In November 1493, Columbus explored west of Chief Guacanagarí’s main township (at modern Bord de Mer de Limonade, Haiti), likely surveying the harbor at Cape Haitien (photo below taken from Point Picolet). He rejected the site because he believed its merits were insufficient to justify its distance from Española’s “gold mines,” which he believed lay farther east.
In early December 1493, Columbus’s fleet sheltered in the bay beside the high promontory he’d named Monte Christi, now Cabo del Morro, Dominican Republic, but he found the terrain too damp for settlement.
Columbus then sailed east toward two harbors he’d admired on the first voyage, the first a perfectly encircled inlet at modern Luperón, Dominican Republic, with a river he’d named Río de Gracia, and the second beneath a towering peak he’d named Monte Plata, at modern Puerto Plata.
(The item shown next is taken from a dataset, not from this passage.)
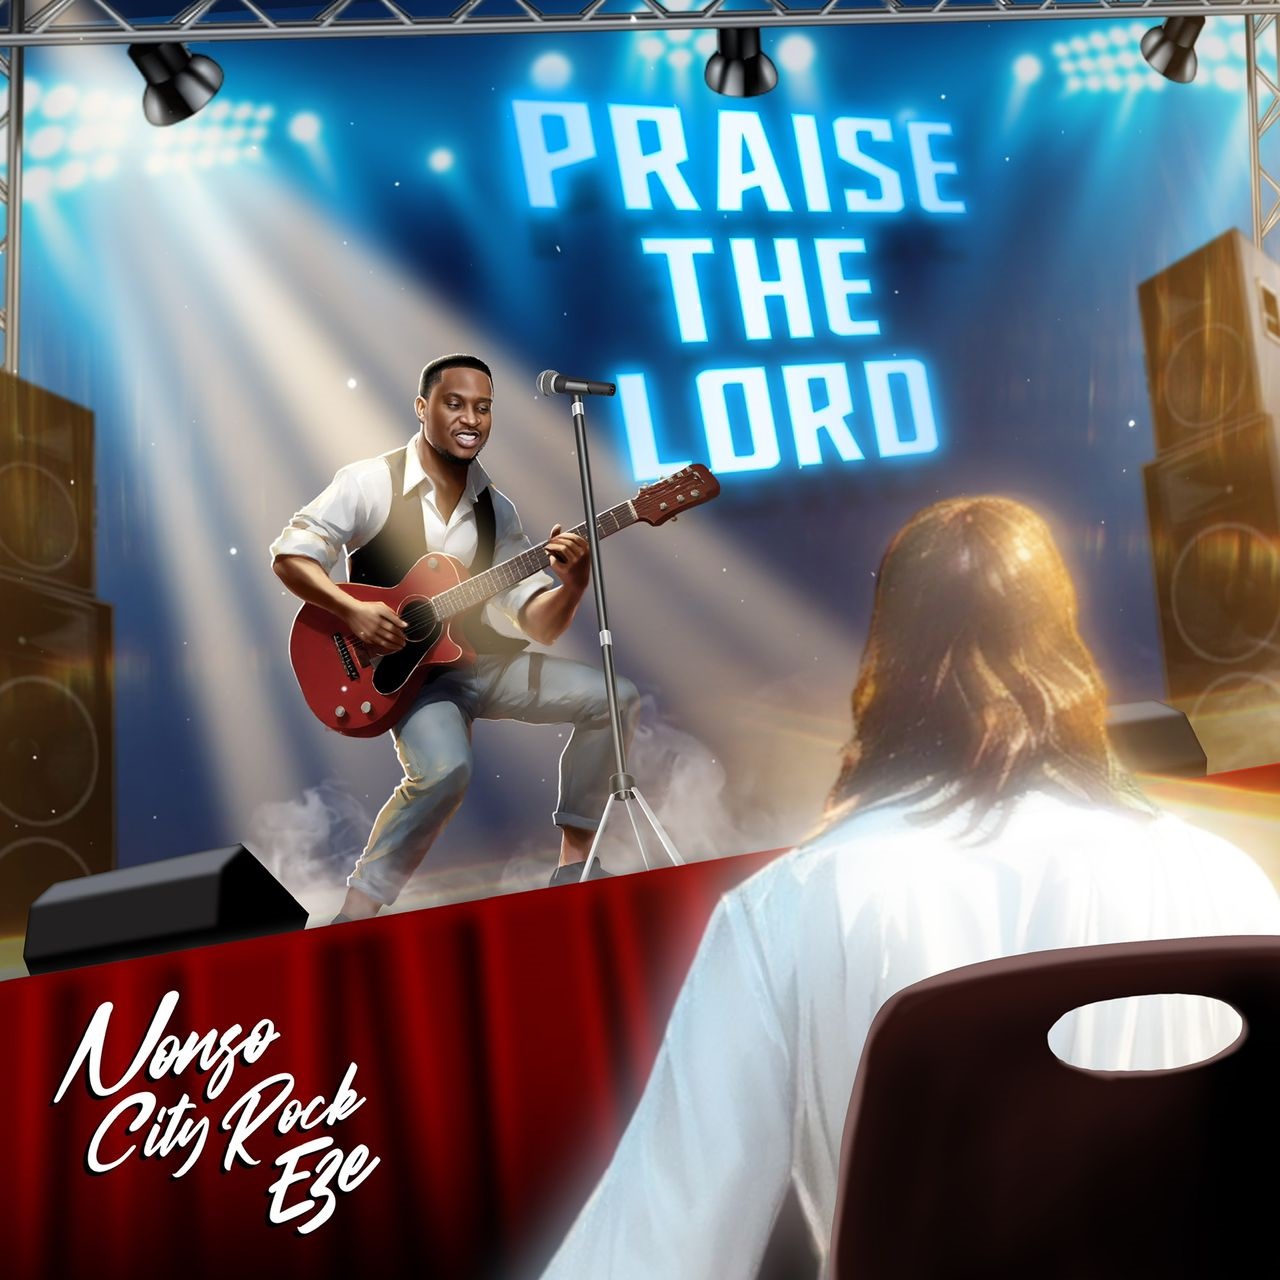 nonso-“cityrock”-eze-drops-new-single-to-“praise-the-lord”

But the fleet fought storms and blistering headwinds for three weeks, and Columbus soon dispatched most of it back to languish at Monte Christi while he advanced in the nimblest caravels. He was disappointed on inspecting the inlet at Río de Gracia, likely concluding the river supplied insufficient water for his twelve hundred men and livestock. He could see Monte Plata’s pinnacle from the inlet’s outer bays (in first photo below), but a violent storm prevented his caravels from reaching the harbor at Monte Plata’s base (the second photo).
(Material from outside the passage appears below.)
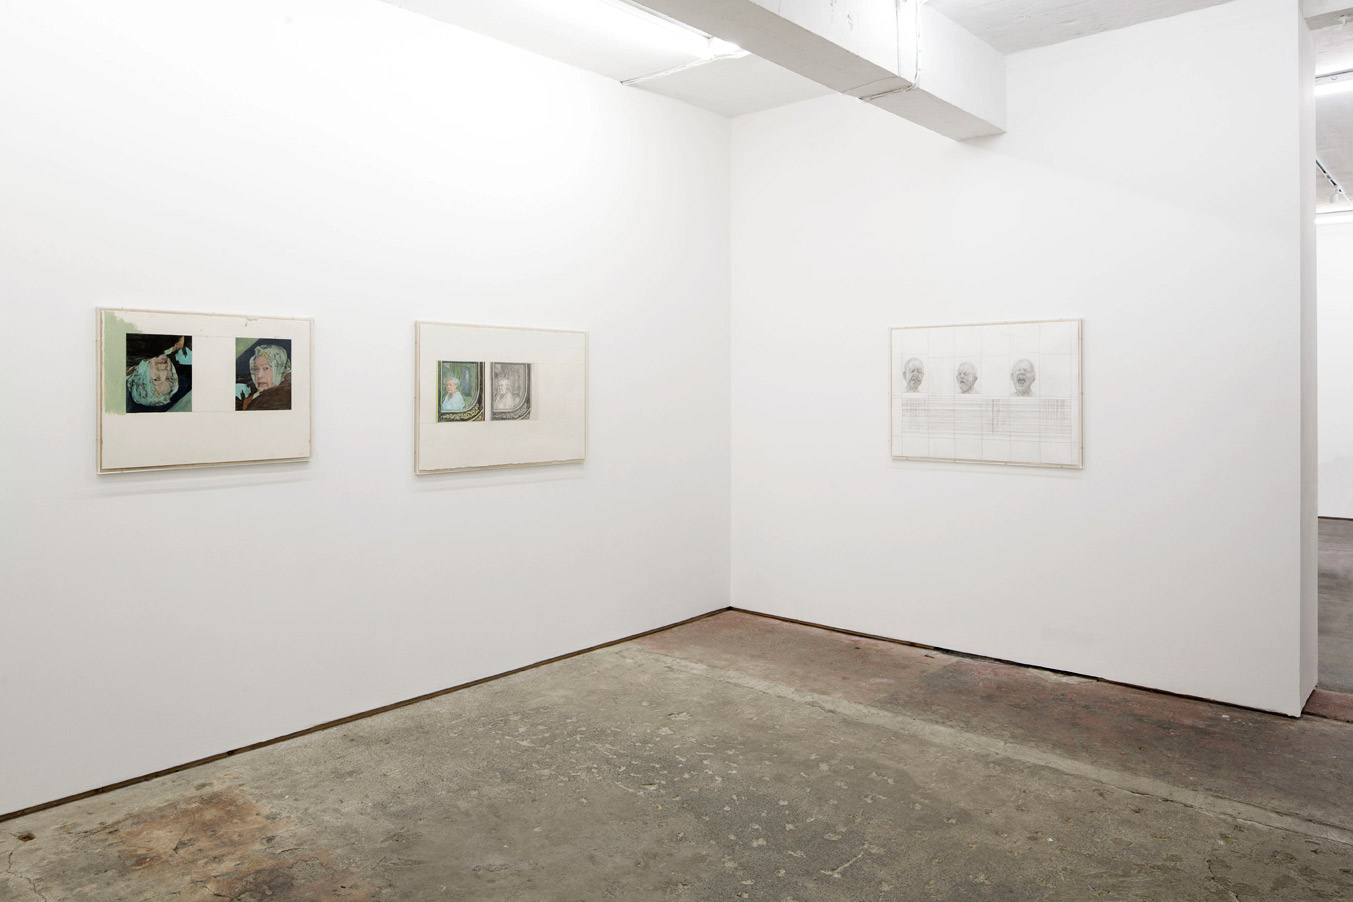 Stuart Brisley: Recent Paintings from the Museum of Ordure at Lungley gallery, London. Install

In late December, Columbus retreated to Monte Christi to reunite with his fleet and lead it to a site he’d reluctantly chosen, desperate to debark his men and livestock, exhausted from three months at sea. There was a cove protected from the easterly gales between Monte Christi and Río de Gracia, with a gushing river ample to support everyone (the Bajabonico), a stone quarry ideal for constructing permanent buildings, and a headland defensible from attack. Taínos weren’t resident on the headland, and, although Columbus didn’t know it, the area was borderland between the chiefdoms of Guacanagarí, Guarionex, and Mayobanex. The first photo shows the cove and site for Isabela from a distance. The second is taken from the likely mouth of the Bajabonico in 1494, the thatched roof being the preserved site of Columbus’s fortified residence.